Vor etwas mehr als einem Jahr wurde das mit Krypto-Handel groß gewordene Wiener Unicorn Bitpanda mit dem Launch von Bitpanda Stocks zum Neobroker. Gehandelt werden nicht direkt Aktien und ETFs sondern Derivate, die das zugrunde liegende Asset laut dem Scaleup „1:1 abbilden“. Dadurch können Nutzer:innen ab einem Betrag von einem Euro in Teilaktien investieren – und das nicht nur zu Handelszeiten, sondern rund um die Uhr, sieben Tage die Woche.

Bitpanda Stocks: Produkt-Diversifizierung gegen Markt-Schwankungen

Der Hintergrund dieser Produkterweiterung schien schon bei der Einführung im April 2021 klar: Mit der Diversifizierung des Angebots will sich Bitpanda bis zu einem gewissen Grad gegen die immer schon massiven Schwankungen am Krypto-Markt absichern. Schon zuvor war mit Bitpanda Metals, wo u.a. tokenisiertes Gold gekauft werden kann, ein ähnlicher Schritt gemacht worden. Derzeit, wo Expert:innen schon von einem Bärenmarkt im Krypto-Bereich oder sogar von einem „Kryptowinter“ sprechen, ist dieser Ansatz natürlich noch aktueller – wenngleich es am Aktienmarkt aktuell bekanntlich nicht viel besser aussieht. Für Bitpanda ist letztlich auch weniger entscheidend, ob Kurse fallen oder steigen, sondern wie groß das Handelsvolumen ist.
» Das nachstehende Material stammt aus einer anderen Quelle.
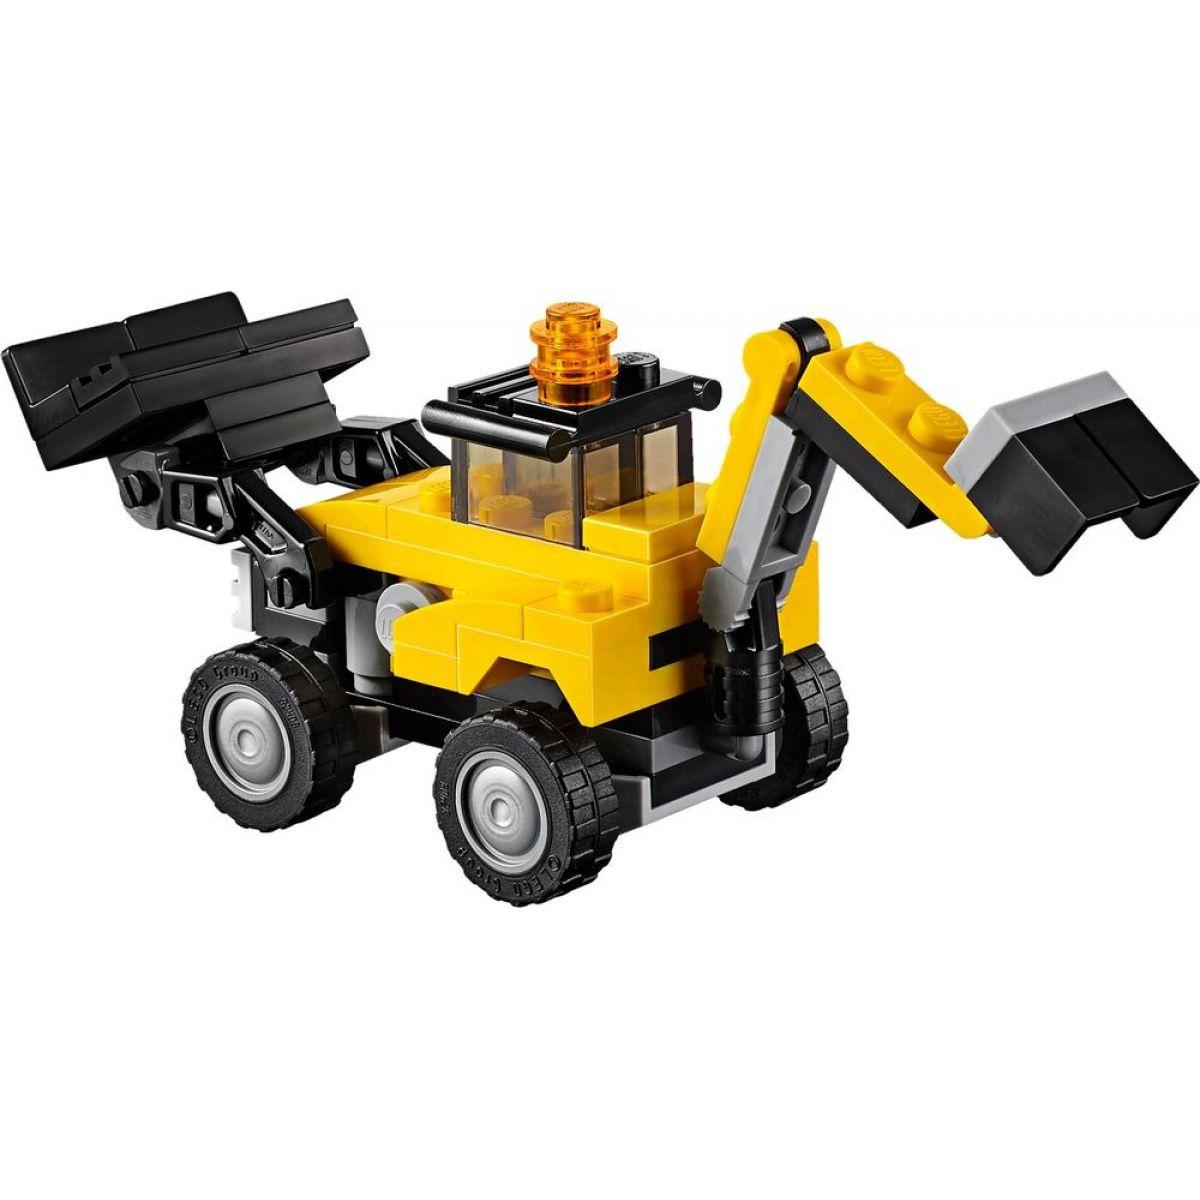 LEGO Creator 31041 Vozidla na stavbě #3

Mehr als 2.000 Teilaktien und ETFs von BMW bis Robinhood

Es ist also nicht überraschend, dass das Wiener FinTech gerade jetzt bei Bitpanda Stocks das Tempo erhöht. Man habe nun hunderte neue Teilaktien und ETFs hinzugefügt und damit den Meilenstein von 2.000 investierbaren Vermögenswerten überschritten, heißt es in einer aktuellen Aussendung. „Die neu hinzugefügten Vermögenswerte reichen von europäischen bis zu US-amerikanischen Unternehmen, darunter bekannte Namen wie BMW und Siemens, aktuelle Hype-Aktien wie Virgin Galactic sowie Finanzdienstleister wie Robinhood“, so das Unternehmen.
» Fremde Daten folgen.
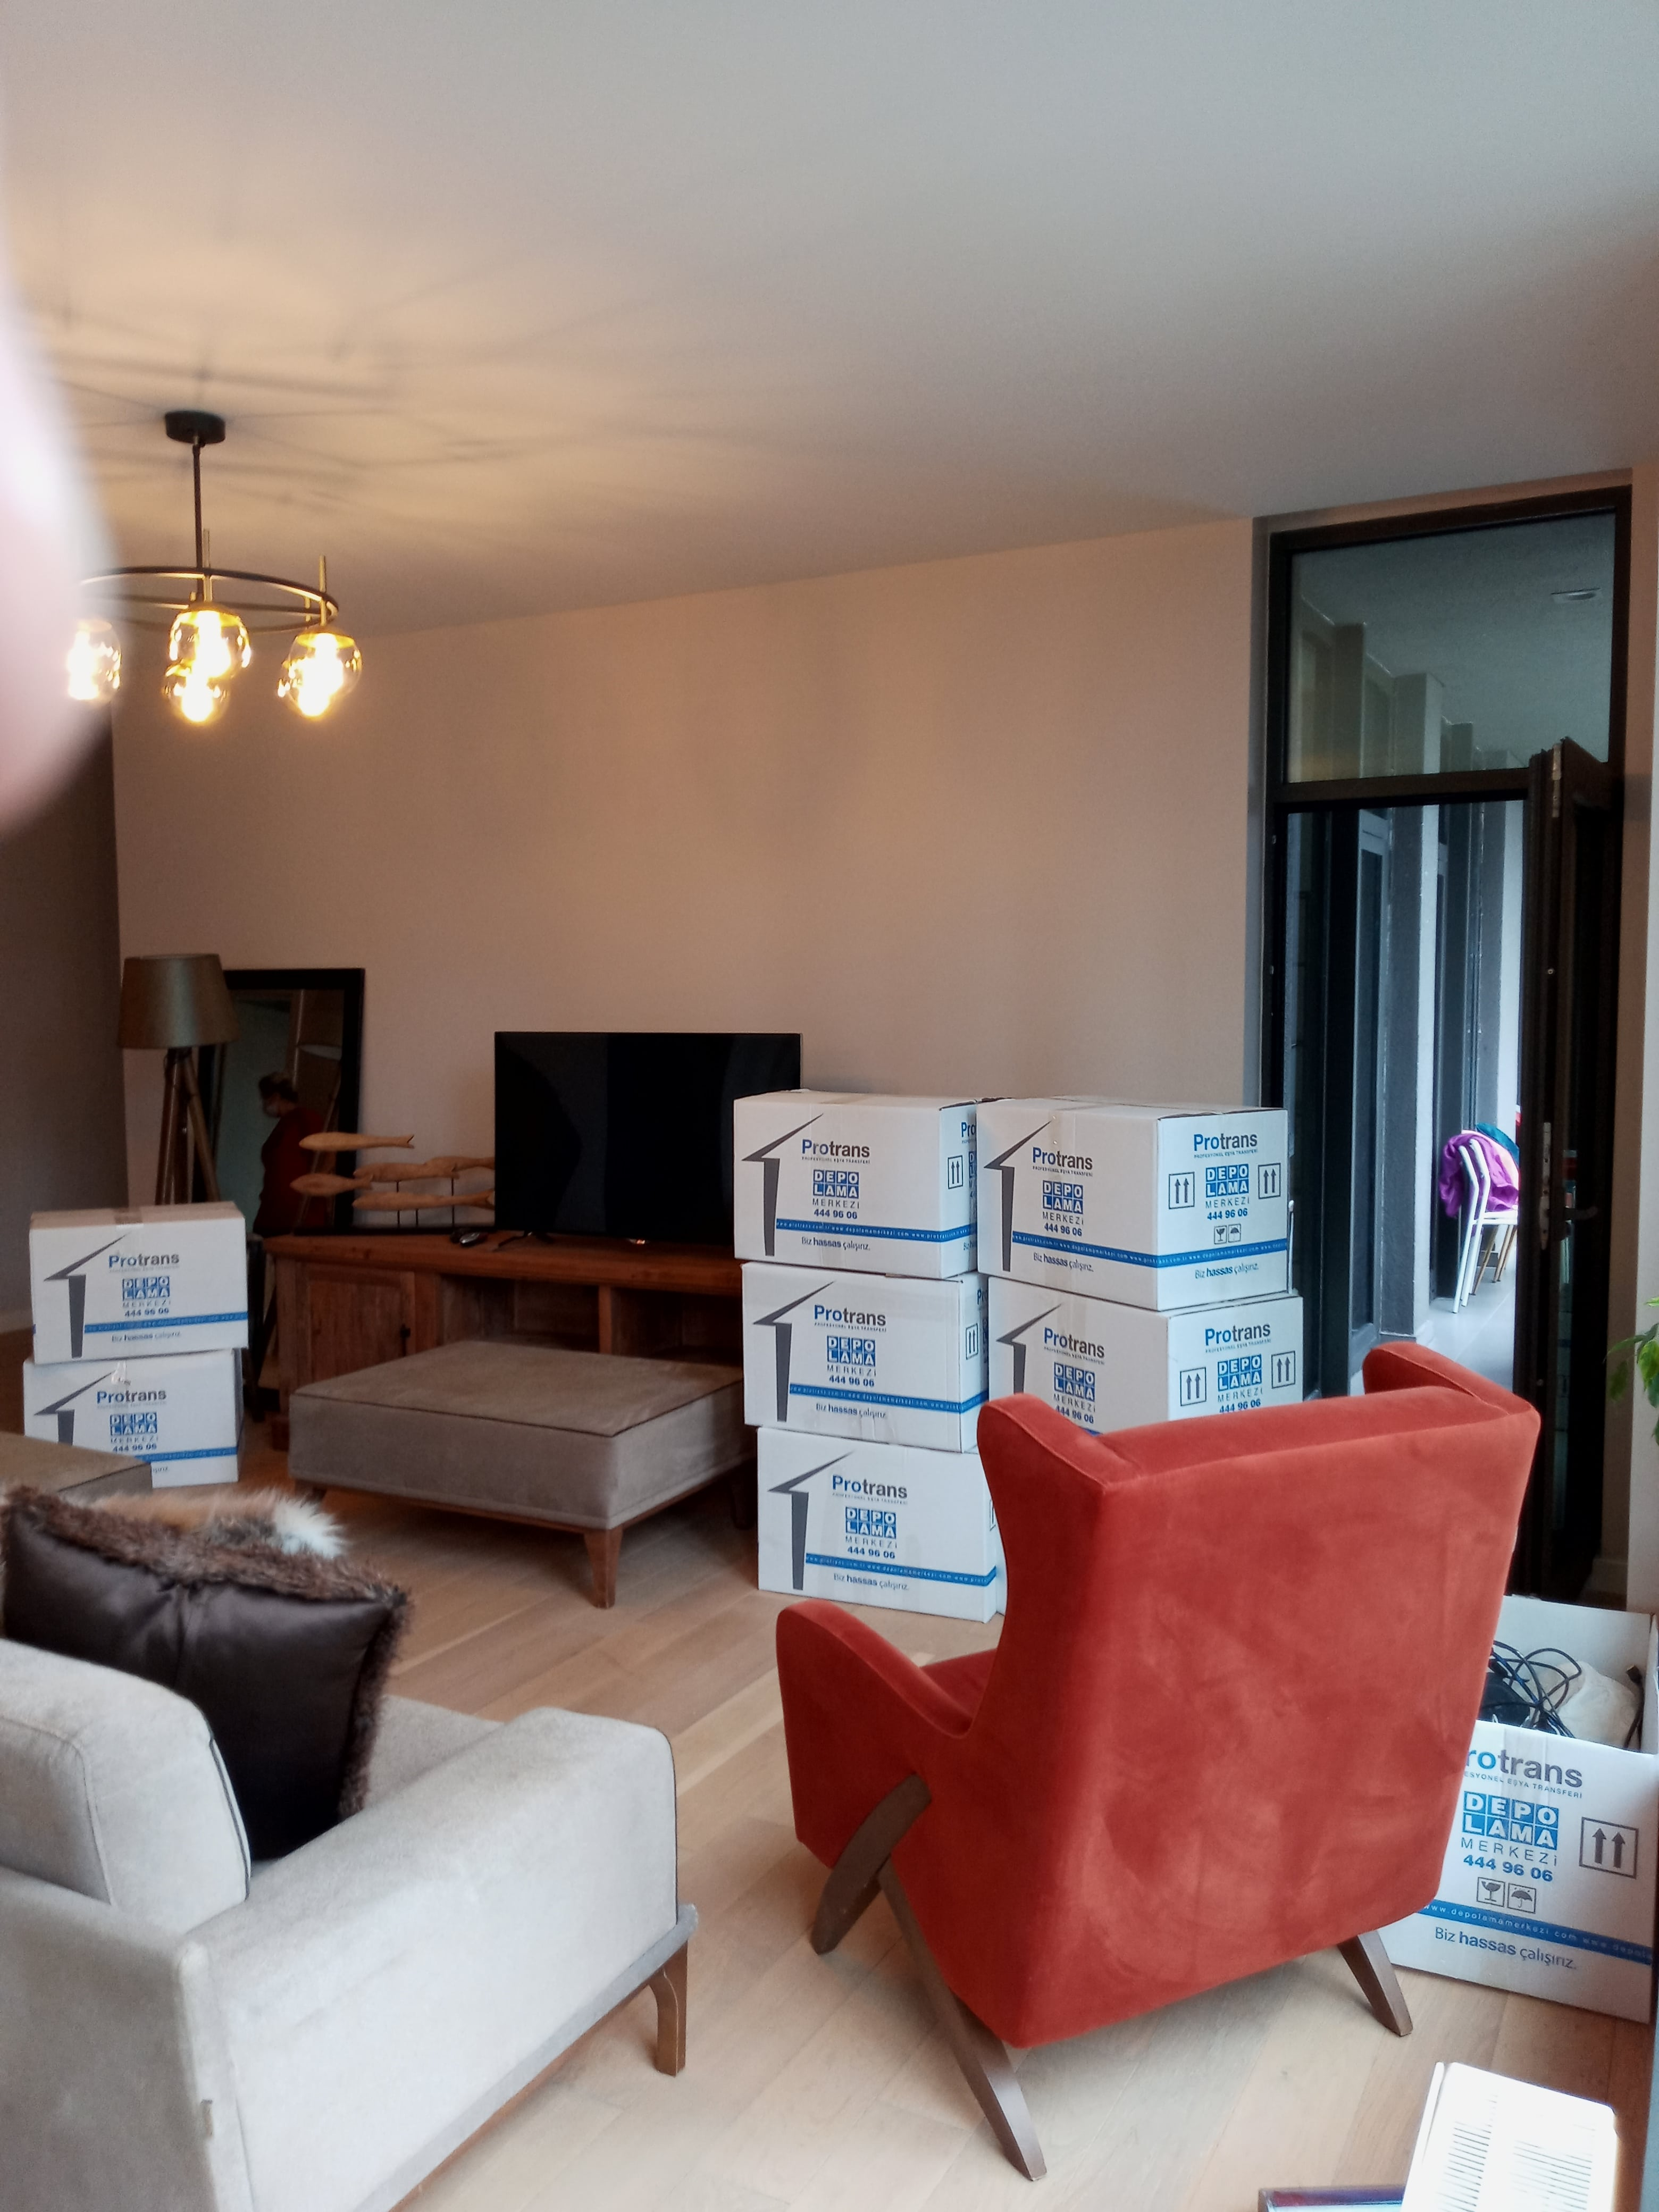 Paketleme Ambalajlama ve Eşya Transferi

Demuth: „Bitpanda existiert, um die wachsende Kluft der Ungerechtigkeit zu verringern“

Bitpanda-Co-Founder Eric Demuth sieht in dem Angebot in einem Statement eine altruistische Mission: „Bitpanda existiert, um die wachsende Kluft der Ungerechtigkeit zu verringern, die durch das alte Finanzsystem verursacht wird. Beim Investieren in Teilaktien mit einem beliebigen Geldbetrag, rund um die Uhr, geht es genau darum: Zugänglichkeit, Flexibilität und Erschwinglichkeit“. Man wolle letztlich „allen Menschen ermöglichen, finanzielle Freiheit für ihre Zukunft aufzubauen“.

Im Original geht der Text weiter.